Protocol for the Suppression of Unlawful Acts against the Safety of Fixed Platforms Located on the Continental Shelf
- Type: Anti-terrorism, international criminal law, admiralty law
- Signed: 10 March 1988
- Location: Rome, Italy
- Effective: 1 March 1992
- Condition: three ratifications
- Parties: 156
- Depositary: Secretary-General of the International Maritime Organization
- Languages: Arabic, English, French, Russian, and Spanish

= Protocol for the Suppression of Unlawful Acts against the Safety of Fixed Platforms Located on the Continental Shelf =

Multilateral treaty for offshore platforms

The Protocol for the Suppression of Unlawful Acts against the Safety of Fixed Platforms Located on the Continental Shelf (SUA PROT) is a multilateral treaty by which states agree to prohibit and punish behaviour which may threaten the safety of offshore fixed platforms, including oil platforms.

==Content==
The Protocol was concluded at the same time as the Convention for the Suppression of Unlawful Acts against the Safety of Maritime Navigation (SUA Convention) and like it is based on the Convention for the Suppression of Unlawful Seizure of Aircraft.

The Protocol criminalises the following behaviour:
1. Seizing control of a fixed platform by force or threat of force;
2. committing an act of violence against a person on a fixed platform if it is likely to endanger the safety of the platform;
3. destroying a fixed platform or damaging it in such a way that endangers its safety;
4. placing or causing to be placed on a fixed platform a device or substance which is likely to destroy or cause damage to the ship or its cargo;
5. injuring or killing anyone while committing 1–4;
6. attempting any of 1–5;
7. being an accomplice to any of 1–6; and
8. compelling another through threats to commit any of 1–7.

The Protocol sets out the principle of aut dedere aut judicare—that a state party to the treaty must either (1) prosecute a person who commits one of the offences or (2) send the individual to another state that requests his or her extradition for prosecution of the same crime.

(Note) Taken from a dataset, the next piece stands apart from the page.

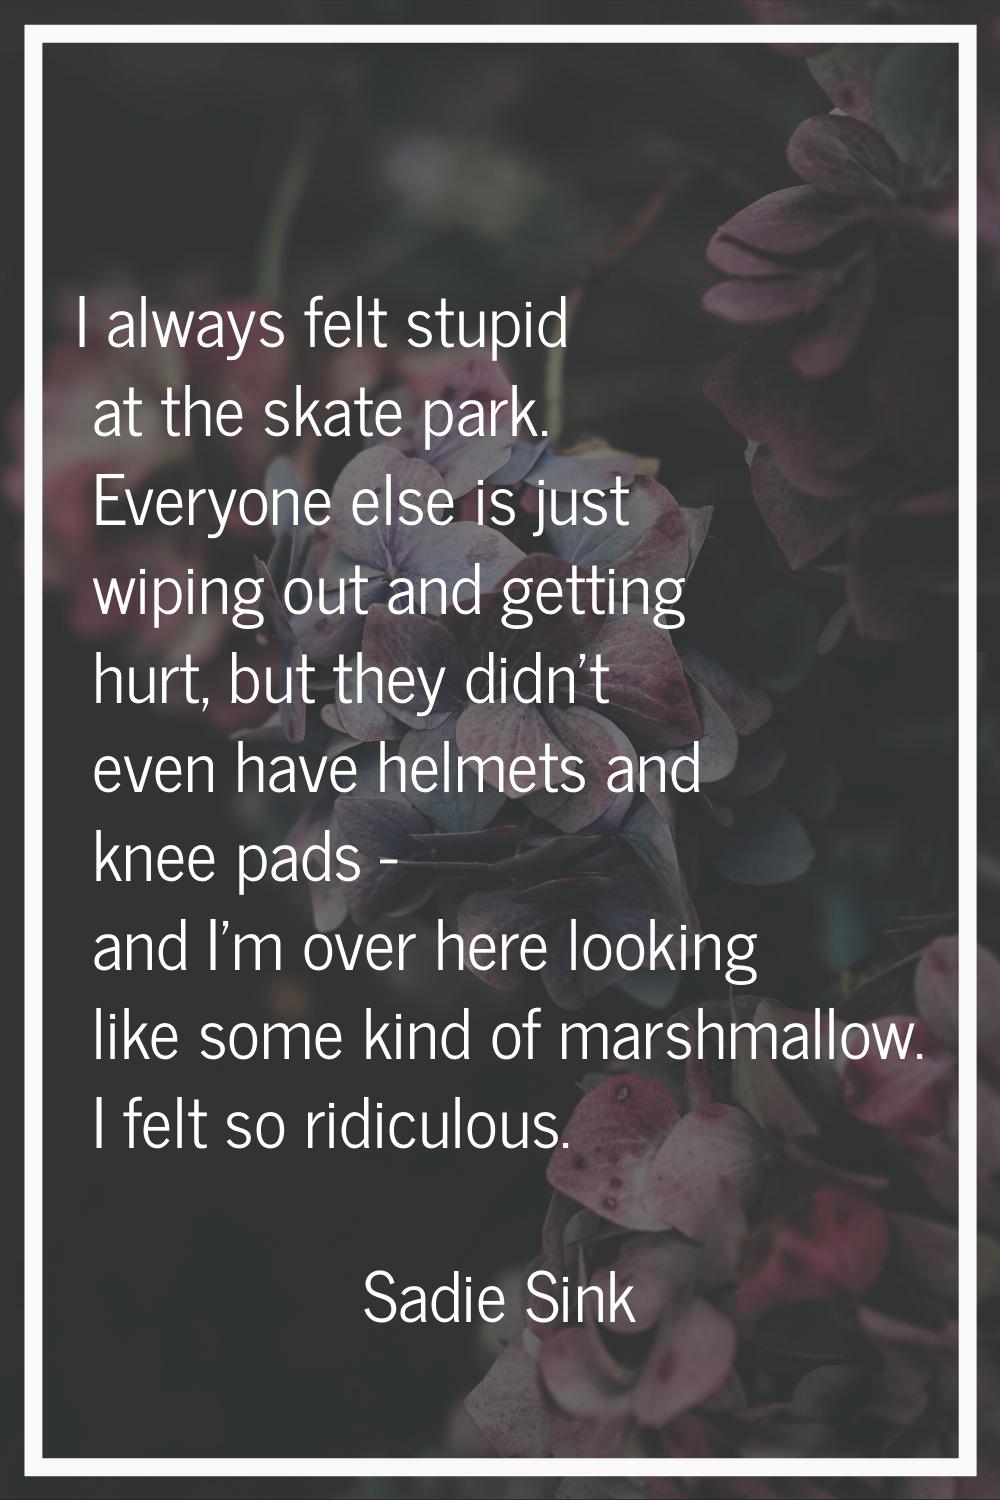 I always felt stupid at the skate park. Everyone else is just wiping out and getting hurt, but they

==Creation and entry into force==
The Protocol was adopted by the International Conference on the Suppression of Unlawful Acts against the Safety of Maritime Navigation at Rome on 10 March 1988. Formally, it is a Protocol that is supplementary to the SUA Convention and could not have come into force before the SUA Convention. It came into force on 1 March 1992 on the same date that the SUA Convention came into force.

==State parties==
As of November 2018, the convention has 156 state parties, which includes 155 UN member states plus Niue.

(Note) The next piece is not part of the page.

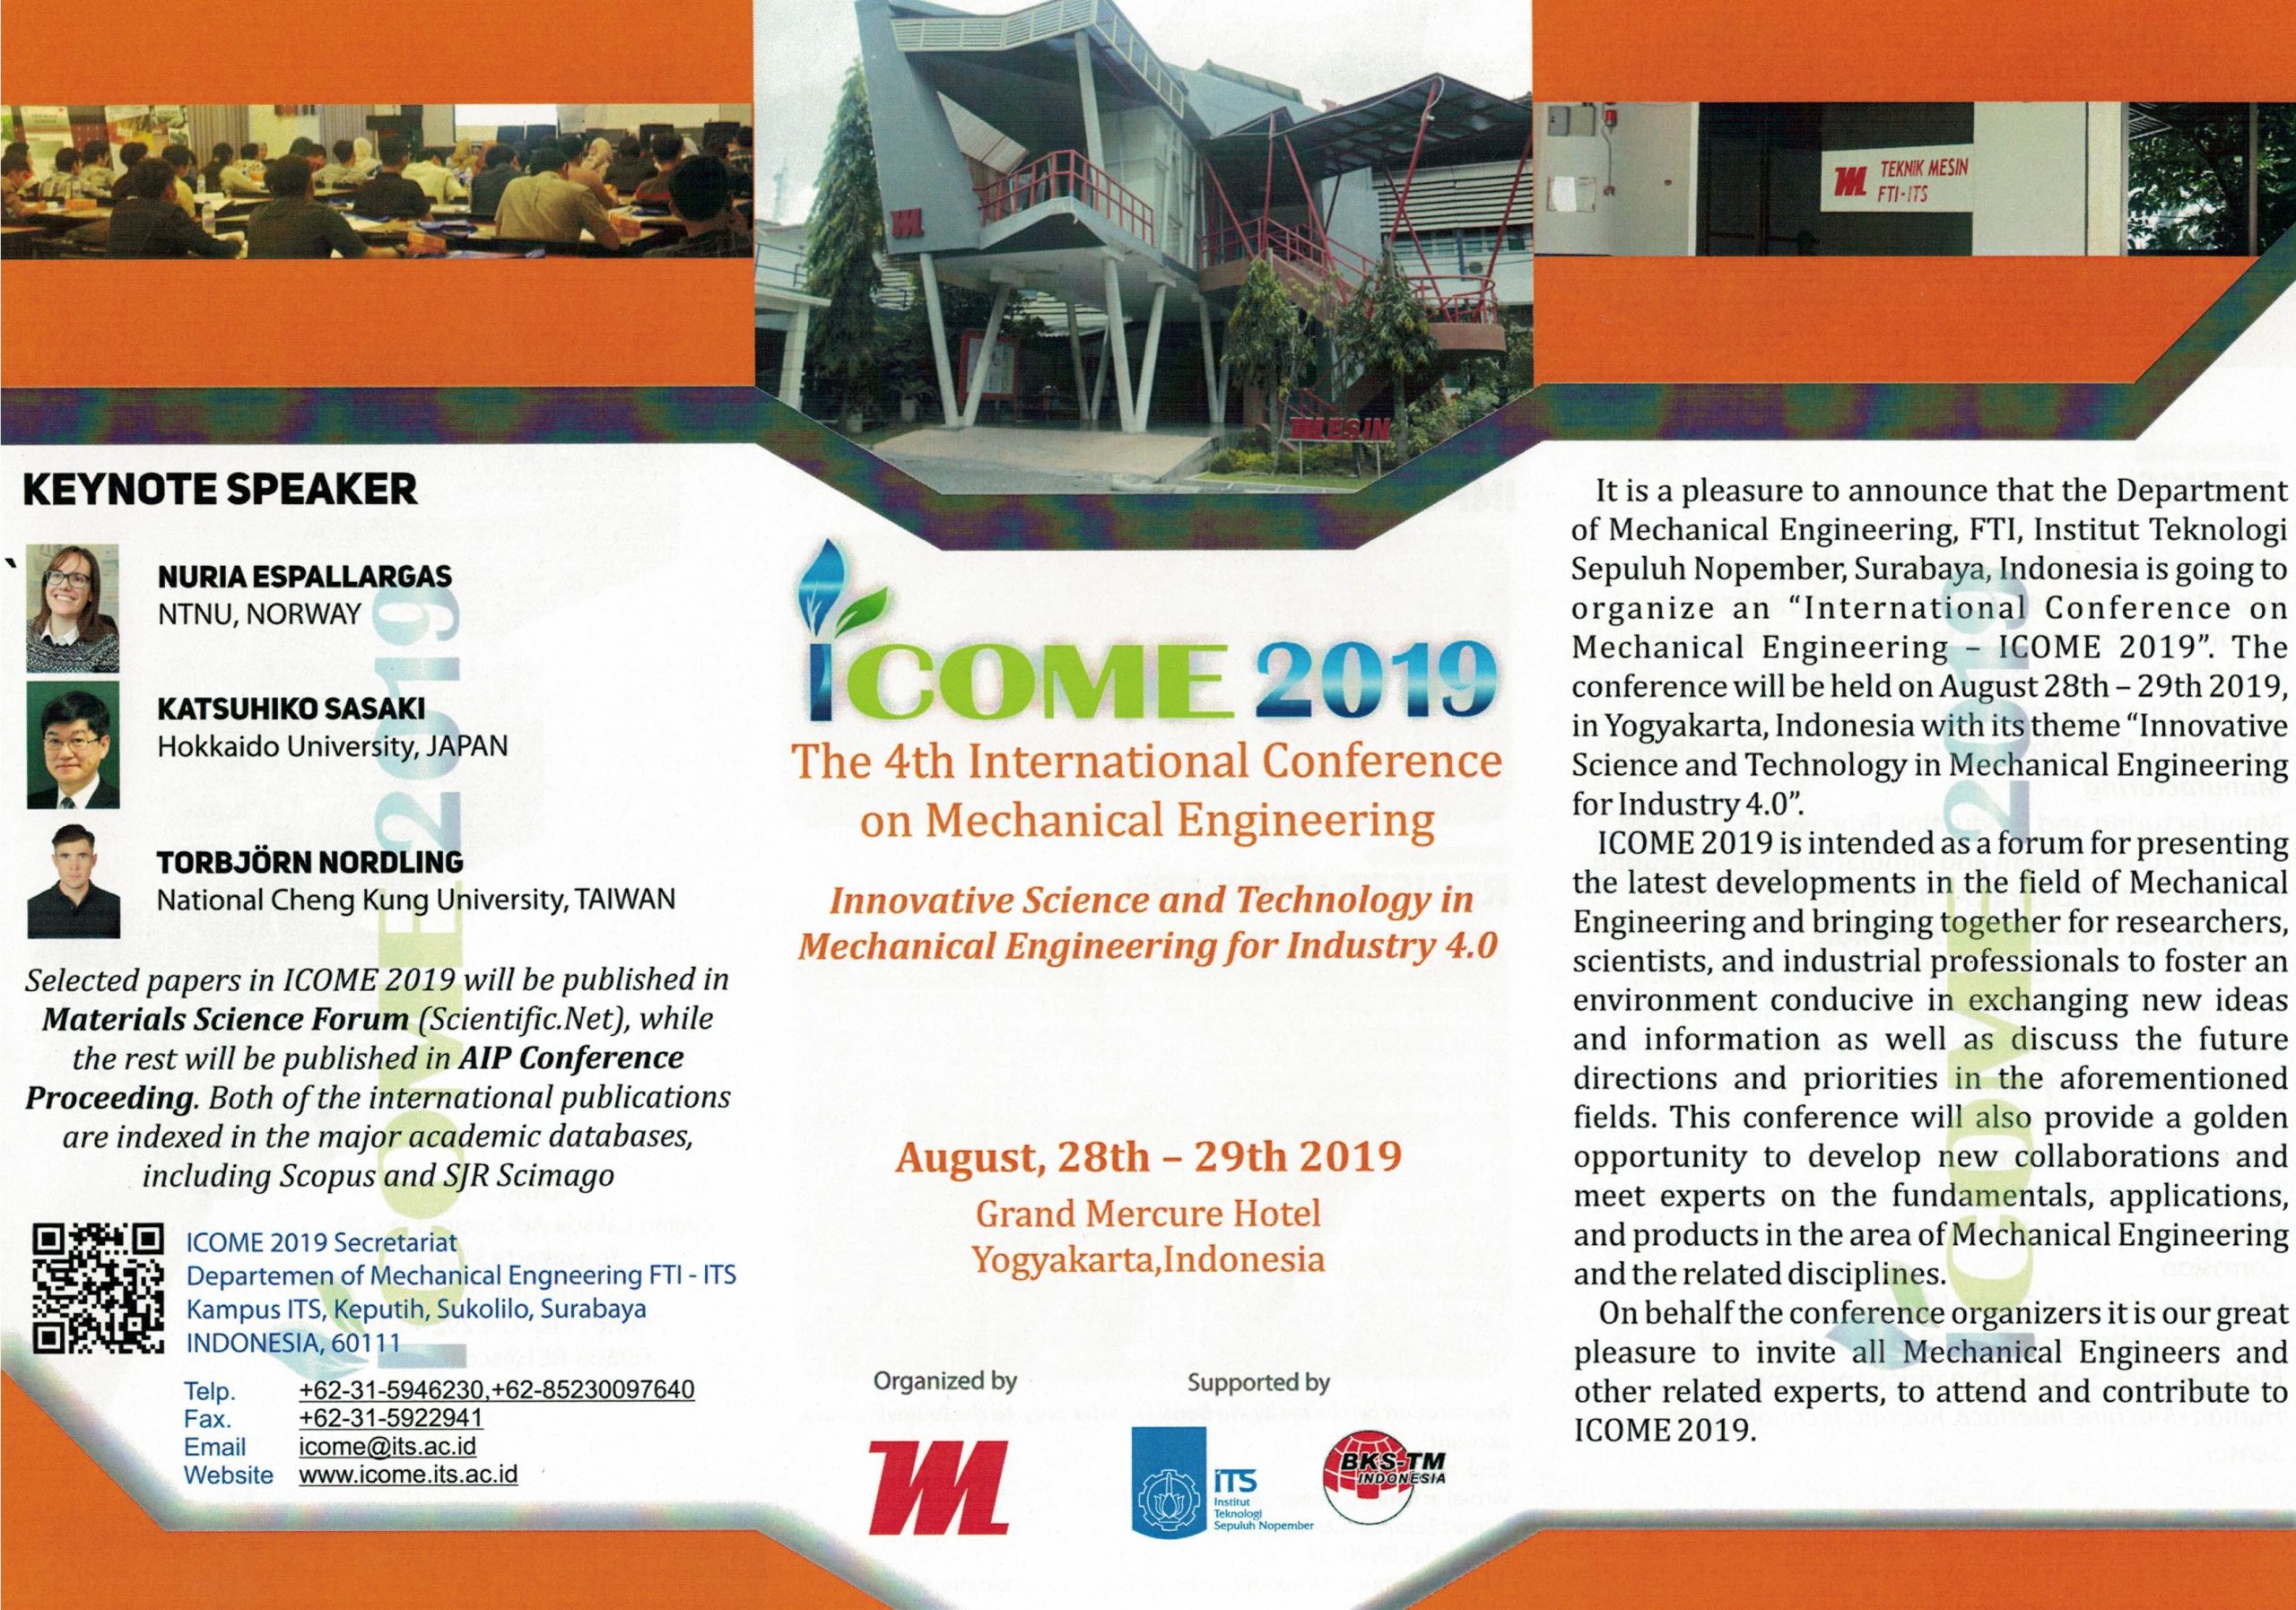 ICOME 2019 the 4th International Conference of Mechanical Engineering

The following are the 38 UN member states that are not party to the convention. An asterisk beside the state indicates that the state is not a landlocked country and thus has maritime coastline.

- Angola*
- Belize*
- Bhutan
- Burundi
- Cameroon*
- Central African Republic
- Chad
- Colombia*
- Democratic Republic of the Congo*
- East Timor*
- Eritrea*
- Ethiopia
- Gabon*
- Gambia*
- Haiti*
- Indonesia*
- Iraq*
- Kyrgyzstan
- Malaysia*
- Federated States of Micronesia*
- Nepal
- North Korea*
- Papua New Guinea*
- Rwanda
- Saint Kitts and Nevis*
- Samoa*
- Sierra Leone*
- Solomon Islands*
- Somalia*
- South Sudan
- Sri Lanka*
- Suriname*
- Thailand*
- Tuvalu*
- Uganda
- Venezuela*
- Zambia
- Zimbabwe

Of these 38 states, Iraq has signed the Protocol.

==2005 Protocol==
In London on 14 October 2005, a supplementary Protocol to SUA PROT was concluded. The full name of the 2005 Protocol is the Protocol of 2005 to the Protocol for the Suppression of Unlawful Acts against the Safety of Fixed Platforms Located on the Continental Shelf and is often abbreviated as "SUA PROT 2005". The 2005 Protocol adds provisions which criminalises the use of fixed platforms to discharge biological, chemical, or nuclear weapons. It also prohibits ships from discharging oil, liquefied natural gas, radioactive materials, or other hazardous or noxious substances in quantities or concentrations that are likely to cause death or serious injury or damage. It also prohibits the use of such weapons or substances against fixed platforms.

The Protocol came into force on 28 July 2010 and as of February 2016 has been ratified by 35 states.